Personal information
- Born: October 8, 1945 Mesa, Arizona, U.S.
- Died: December 7, 2018 (aged 73) Utah, U.S.
- Listed height: 6 ft 3 in (1.91 m)
- Listed weight: 252 lb (114 kg)

Career information
- High school: Mesa
- College: BYU
- NFL draft: 1968: 13th round, 332nd overall pick

Career history
- 1968: Edmonton Eskimos
- 1968–71: BC Lions
- 1971: Hamilton Tigercats
- 1972–77: Calgary Stampeders
- 1977: Montreal Alouettes

Awards and highlights
- Grey Cup champion (1977);

= Max Huber (Canadian football) =

American gridiron football player (1945–2018)

Max Henry Huber (October 8, 1945 – December 7, 2018) was a Grey Cup champion offensive lineman who played ten seasons in the Canadian Football League (CFL), winning the Grey Cup Championship with the Montreal Alouettes.

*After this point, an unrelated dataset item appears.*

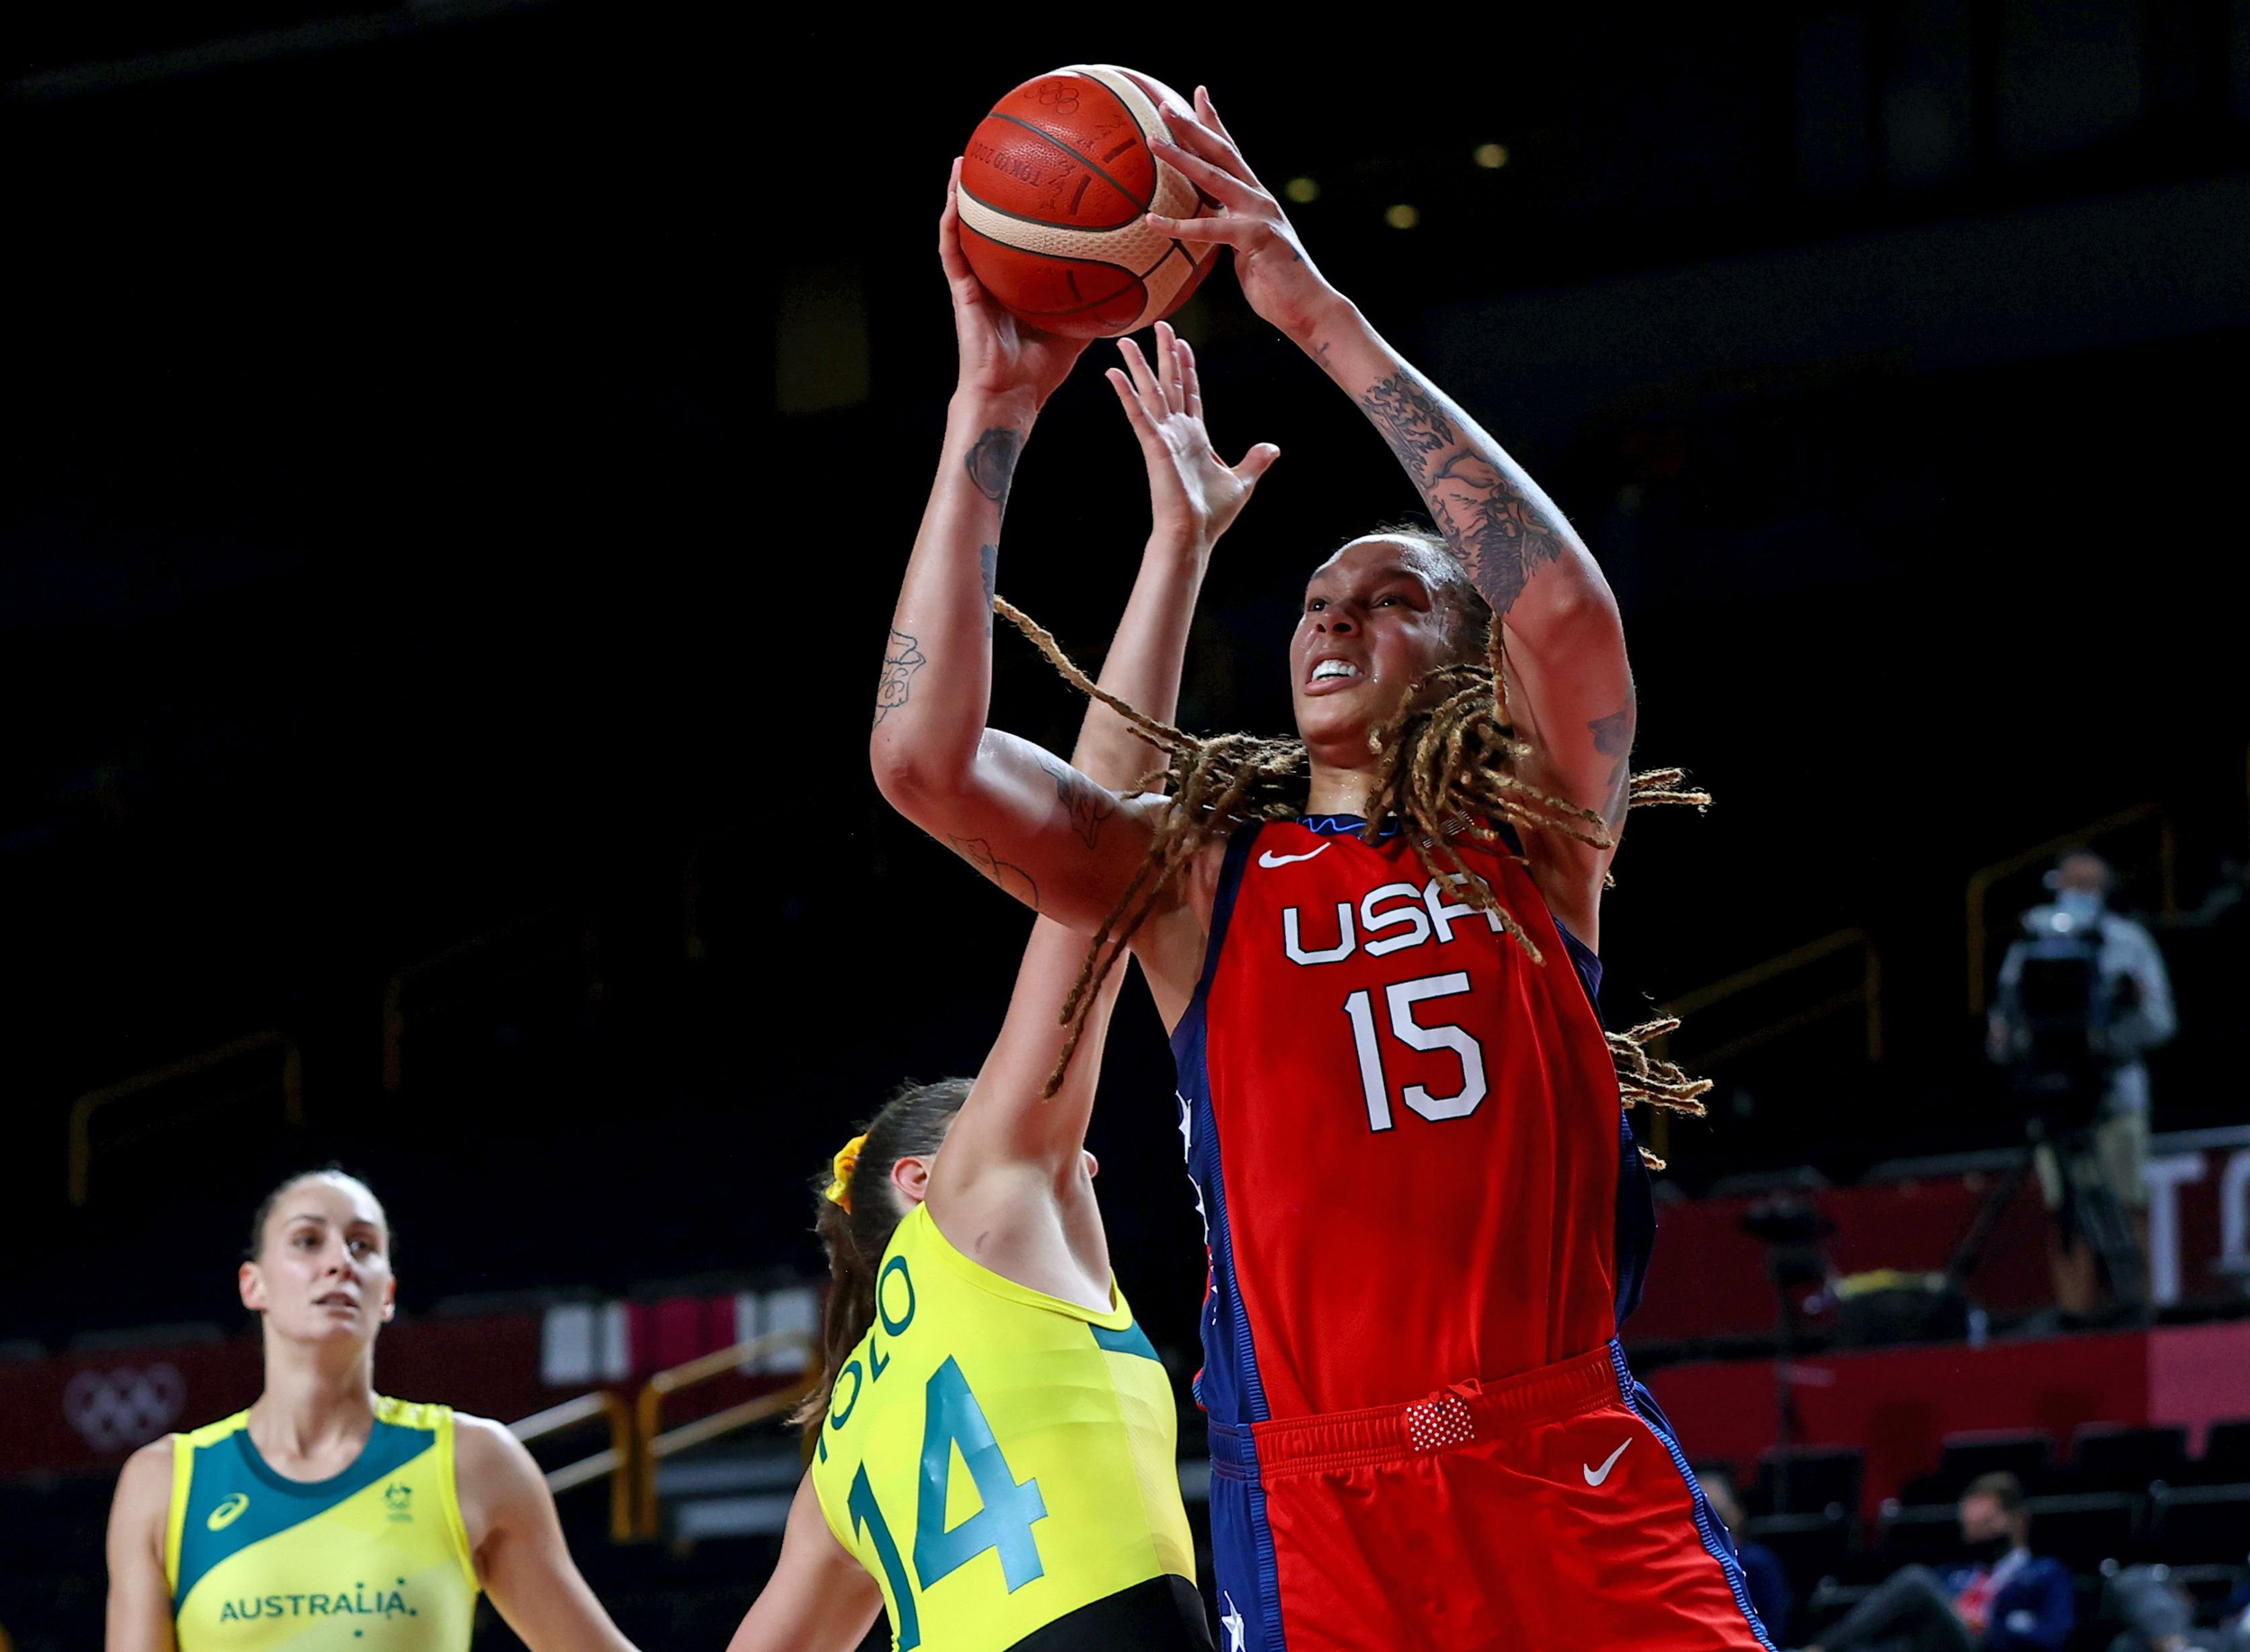 U.S. women's basketball routs Australia, advances to semifinals

A graduate of Brigham Young University, Huber started his career with the Edmonton Eskimos and then went on to four seasons with the BC Lions, playing 45 regular season games. After a half season with the Hamilton Tigercats and 6 with the Calgary Stampeders, he finished playing 10 games with the Alouettes.